Last month, there was a flurry of attention to a York University student named Sarah Grunfeld who seemed to have difficulty with the use-mention distinction. Grunfeld was in a class taught by Cameron Johnson, who was explaining the boundaries of acceptable discussion in his classroom, and gave as an example the fact that he would not accept it as legitimate debate if a student said something outrageous like "all Jews should be sterilized." Grunfeld promptly left the room and issued a public statement condemning Johnson as anti-Semitic. She was widely ridiculed, since Johnson clearly did not believe that Jews should be sterilized -- indeed, his whole point was just the opposite. But Grunfeld doubled down, telling the media she stood behind her accusation of anti-Semitism because "The words, 'Jews should be sterilized' still came out of his mouth, so regardless of the context I still think that's pretty serious."

Grunfeld's follow-up was widely taken as evidence of her continued failure to understand the use/mention distinction. And I agree. Let me say that again, so that everyone is clear that this post is only a partial defense of Grunfeld: the idea that Johnson did something anti-Semitic is absurd and Grunfeld's attempts to seek redress should be laughed out of court.

But I do balk at the idea that the use/mention distinction is a foolproof barrier against giving offense. There are at least two cases in which mere mention of an objectionable opinion can still be harmful: triggering and rumor-mongering. In either such case, it would not be inherently absurd to insist that "the words still came out of his mouth."

We'll start with triggering. Some ideas can be extremely painful to contemplate, even if the person bringing them up is not advocating them. Merely being asked to bring certain things to mind can be hurtful, especially to a person who has experienced a trauma connected to those ideas. This is the reason that feminist blogs put "trigger warnings" on links to posts and articles that discuss rape in any detail, even when those posts and articles are condemning rape and discussing strategies for ending rape. Someone who is a survivor of rape may find being confronted with information about rape to bring up too many painful memories of their own experiences. I find it dubious in the extreme that "all Jews should be sterilized" is triggering, as I've seen no examples of other Jews stepping forward to say that Johnson's statement was triggering (in fact, I was reminded to post about this when the above link was posted to Facebook by a Jewish friend). But triggering is still a thing that happens, and to negligently mention an idea you should know has good potential to be triggering is a form of bias against the people who would be triggered.

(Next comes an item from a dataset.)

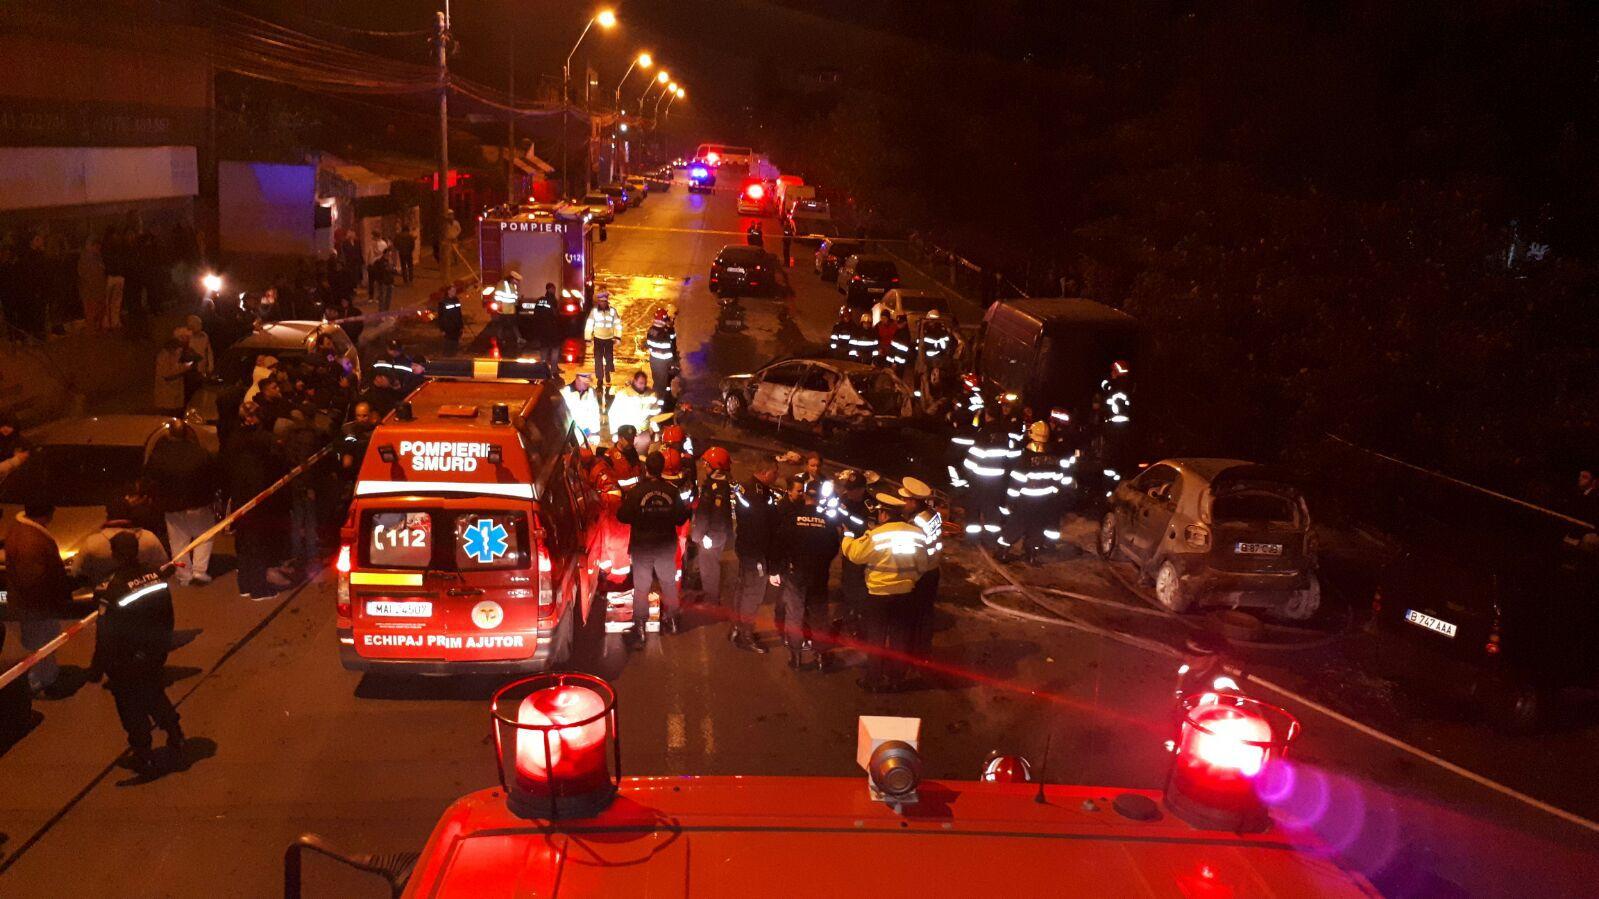 ACCIDENTUL din Capitală în care au ars patru maşini: Tânăra de 18 ani, rănită marţi seara, este în stare foarte gravă | VIDEO

The second way that the use/mention distinction may not be a defense is in the case of rumor-mongering. Here, someone wants to put some idea out there, but doesn't want to take responsibility for agreeing with it. So you just mention it. Some people say that Barack Obama killed a thousand puppies with his bare hands. I'm not saying he did -- in fact, I think it's silly -- but I'm just telling you that other people are saying it. This kind of transparent laundering of objectionable ideas through mentioning them instead of using them is condemned by the Associated Press Stylebook, and for good reason. It puts the ideas out there as something to be considered just as much as actually stating them as your own opinion would. Johnson's statement was highly unlikely to put the idea of sterilizing Jews into the public consciousness and make it a topic of debate (and post hoc we can clearly see that it did not in fact inspire such effects), so this line of defense wouldn't be available to Grunfeld. But it is a type of case in which saying "the words came out of his mouth" could be a legitimate response.